Biophilia is a part of paying your dues to Frigga. Life is precious, and every lifeform is her child, so you must give account of every life you take. Account may simply mean, "I needed this to feed my family. I needed this to house my family. This was a poisonous spider that could have threatened my family," etc. But it means recognizing the wonder and splendor of life, and never taking life intentionally without giving weight to that child of Frigga. (Of course, the flotsam/jetsam of life is such that in the midst of bounding through the world, many creatures may get crushed without our even taking notice, but even here we should still from time to time reflect, with compassion in our hearts, on those creatures trampled in the midst of our clumsy marauding through the world, and ask Frigga for gifts of greater grace in our travels. Yes, this can even be done by bold, hearty men with gusto and a little machismo in their hearts. While strength does not imply walking on eggshells in the world, but bounding with a confident stride, it also does not disclude sensitivity and appropriate, heartful regret and willingness to drink in the joys of this bittersweet life.)
The point here is not to introduce more guilt into a guilt-politics of life, but rather, to introduce more wonder into a life often far too banal, so that we can realize the overbursting beauty and supercharged splendor about us everywhere.
But it requires us to shapeshift. We are so chauvinist regarding our human form. How often we, the egomaniacs of the planet, assume we are the gods of this earth (at least implicitly, if not explicitly). Yet we know that Odin shapeshifts into the many creatures, and there is reason and purpose behind this, as well as great theological play. If we wish to touch Odin's mind, we could do worse than to imagine ourselves into the creatures as well.

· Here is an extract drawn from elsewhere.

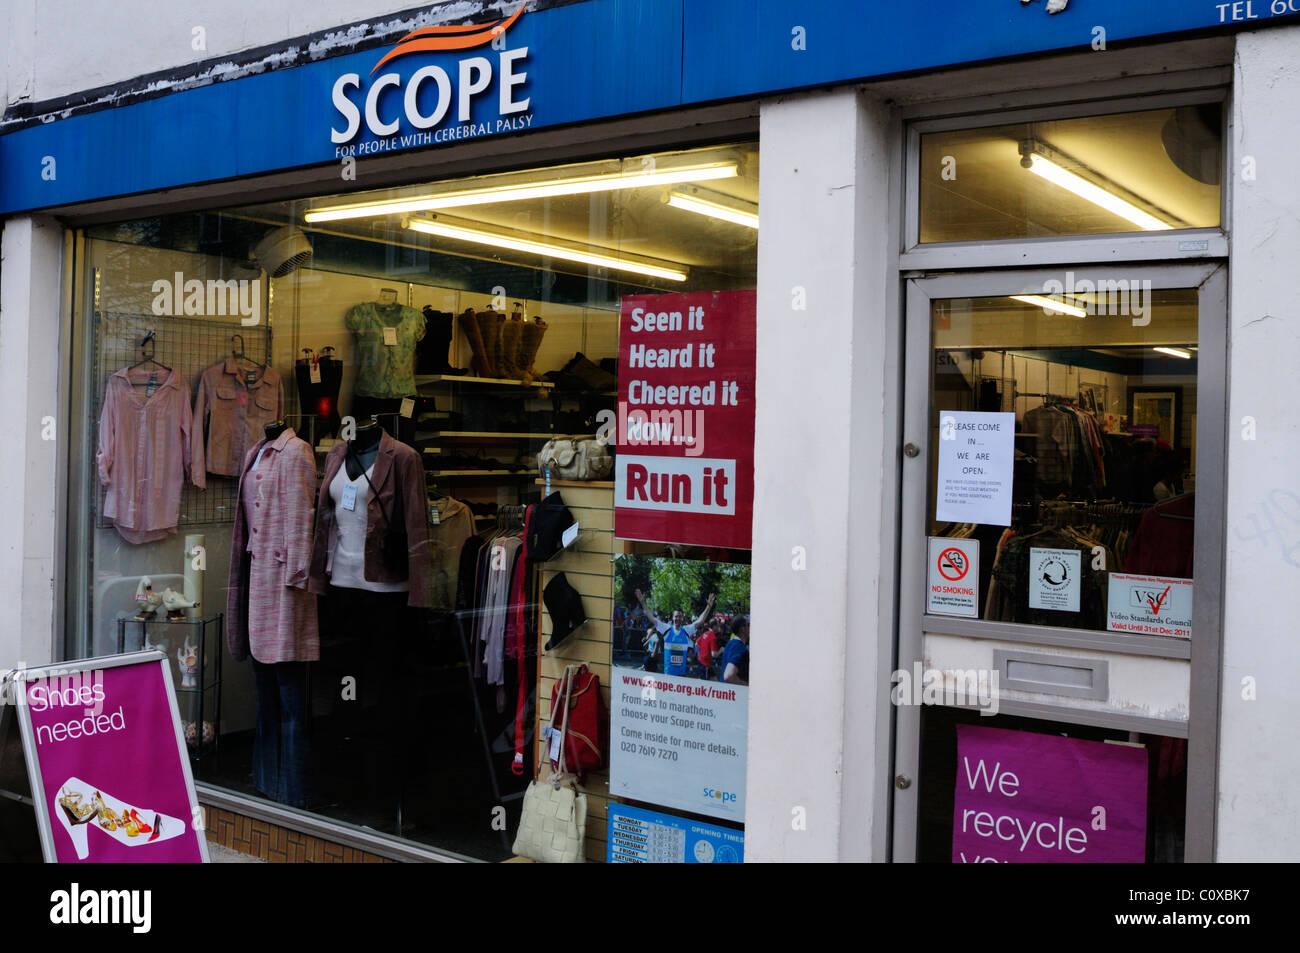 Scope Cerebal Palsy Charity Shop, Burleigh Street, Cambridge, England, UK - Stock Image

I had a wonderful reverie last night drifting in and out of sleep, where I imagined myself into the body of a whale, in the primeval ocean, long before there were humans, and I was swimming with my pack of whales, and we were strong, and we were undefeatable in our own right, and we embodied grandeur and a solemn playfulness playing out in grace beneath and above the waves. I let my tail-fin linger above the waves before I glided back with a splash into the waters. As a human being, my imagination allows me to identify with other creatures, and gain glimpses into what it is like to be them. There is a communion possible between all creatures of Beloved Mother Earth, and to love her, and to honor her, is to study and pursue that communion, and learn to increasingly embody it in our life.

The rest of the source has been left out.